Official website: https://qoaformat.org/

Official GIT: https://github.com/phoboslab/qoa
Hybrid Multimedia Production Suite will be a platform-indipendent open source suite for advanced audio/video contents production.
Official git: https://www.forart.it/HyMPS/

 

Re: Quite OK Audio (QOA)... anyone ?

Reply #1
I'd wonder how this compares to, say, AptX. or the elephant in the room, mp3?
(And FWIW, given that an ancient chip like, say, dual core ARMv4 at 100MHz can decode ogg vorbis at multiple times realtime, I'm not entirely sure if there's a use case for this if its only benefit is "It's fast" )

Re: Quite OK Audio (QOA)... anyone ?

Reply #2
If anyone wishes to give this a try: https://www.rarewares.org/files/QOA.zip

This contains qoaconv.exe, the encoder, and qoaplay.exe, the player. These are Windows x64 compiles and the input to the encoder is only compiled for .wav files.

Command line to encode: quoconv in.wav out.qoa

and, to play: qoaplay file.qoa

Tested on a couple of tracks and I have to say I have heard a lot worse!! ;)


Re: Quite OK Audio (QOA)... anyone ?

Reply #4
I'd be interested to see someone better at this and more patient than me ABX this.

If this is doing what I assume this is, when it isn't transparent it should be less annoying than something like mp3 getting it wrong, but how often do modern lossy codecs get it annoyingly wrong in the general vicinity of 256 kbps


Re: Quite OK Audio (QOA)... anyone ?

Reply #6
I'd wonder how this compares to, say, AptX. or the elephant in the room, mp3?
(And FWIW, given that an ancient chip like, say, dual core ARMv4 at 100MHz can decode ogg vorbis at multiple times realtime, I'm not entirely sure if there's a use case for this if its only benefit is "It's fast" )
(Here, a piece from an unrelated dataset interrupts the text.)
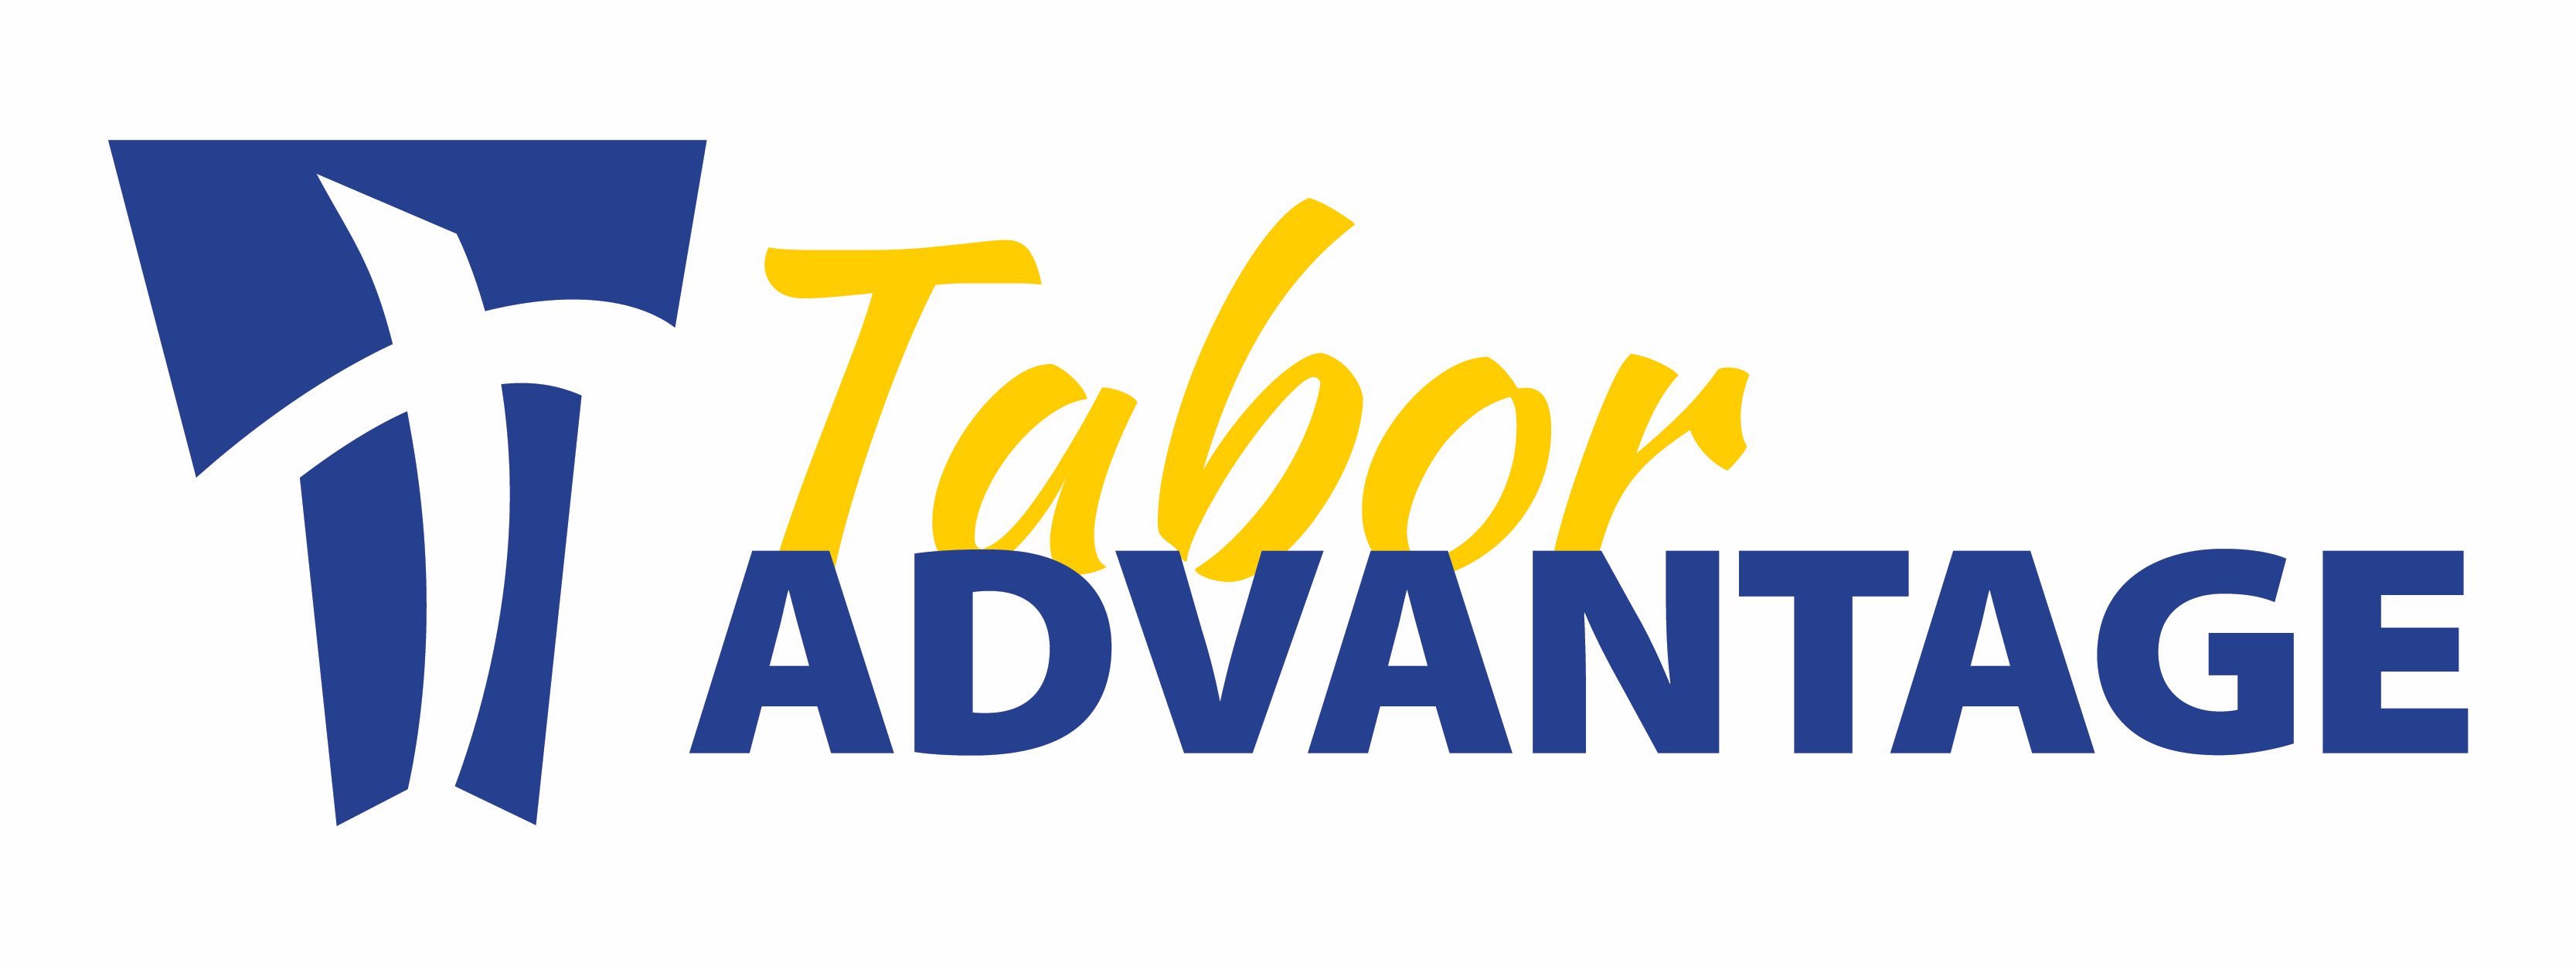 Tabor Advantage

Intended use cases seem to include audio in games, including music, sound effects, where ADPCM formats have been used, and other applications where the computation savings would count, I guess.
Doesn't seem to be meant to compete with more traditional lossy codecs for applications where only one or just a few concurrent streams are meant to be used.
https://phoboslab.org/log/2023/02/qoa-time-domain-audio-compression

Re: Quite OK Audio (QOA)... anyone ?

Reply #7
The same guy invented QOI, a simple lossless image codec. In that case he was competitive with PNG on size and much quicker, a lot of that is thanks to PNG being archaic. QOA is likely uncompetitive with complex audio codecs, but has a fighting chance of being competitive with quick codecs. It'll be interesting how they fare creating a lossy codec.

From the source:
Code: [Select]
/* The Least Mean Squares Filter is the heart of QOA. It predicts the next
sample based on the previous 4 reconstructed samples. It does so by continuously
adjusting 4 weights based on the residual of the previous prediction.
The next sample is predicted as the sum of (weight[i] * history[i]).
The adjustment of the weights is done with a "Sign-Sign-LMS" that adds or
subtracts the residual to each weight, based on the corresponding sample from
the history. This, surprisingly, is sufficient to get worthwhile predictions.
This is all done with fixed point integers. Hence the right-shifts when updating
the weights and calculating the prediction. */

Re: Quite OK Audio (QOA)... anyone ?

Reply #8
QOA specification is still not frozen last time I checked.

Re: Quite OK Audio (QOA)... anyone ?

Reply #9
Out of curiosity, I compared this against a 32kHz-downsampled, FLAC compliant "FSLAC -2" encoding (using this preliminary 1.3.4 binary), which results in a similar bitrate. The reason for the comparison against FLAC is that, as ktf demonstrated in his lossless codec analysis, the FLAC reference software is extremely fast at low and medium presets as well.

Due to an apparent lack of psychoacoustic noise shaping in QOA (the quantization noise is spectrally almost white) and high efficiency (due to the extremely simple compression algorithm), FSLAC sounds quite a bit better to my ears, and so does LossyWAV+FLAC, I would assume. Especially on samples such as "Triangle", see the FSLAC thread here.

Is there any other feature in QOA that F(S)LAC doesn't offer?

Chris
If I don't reply to your reply, it means I agree with you.

Re: Quite OK Audio (QOA)... anyone ?

Reply #10
Other than up to 255 channels and guarantees about footprint and consistency, no. Flac is very fast but qoa is so simple that it should be an order of magnitude faster when optimised, if IO allows. The reference qoa decoder processes one sample at a time which can probably be improved without using SIMD and there may also be other speedups from where it stands.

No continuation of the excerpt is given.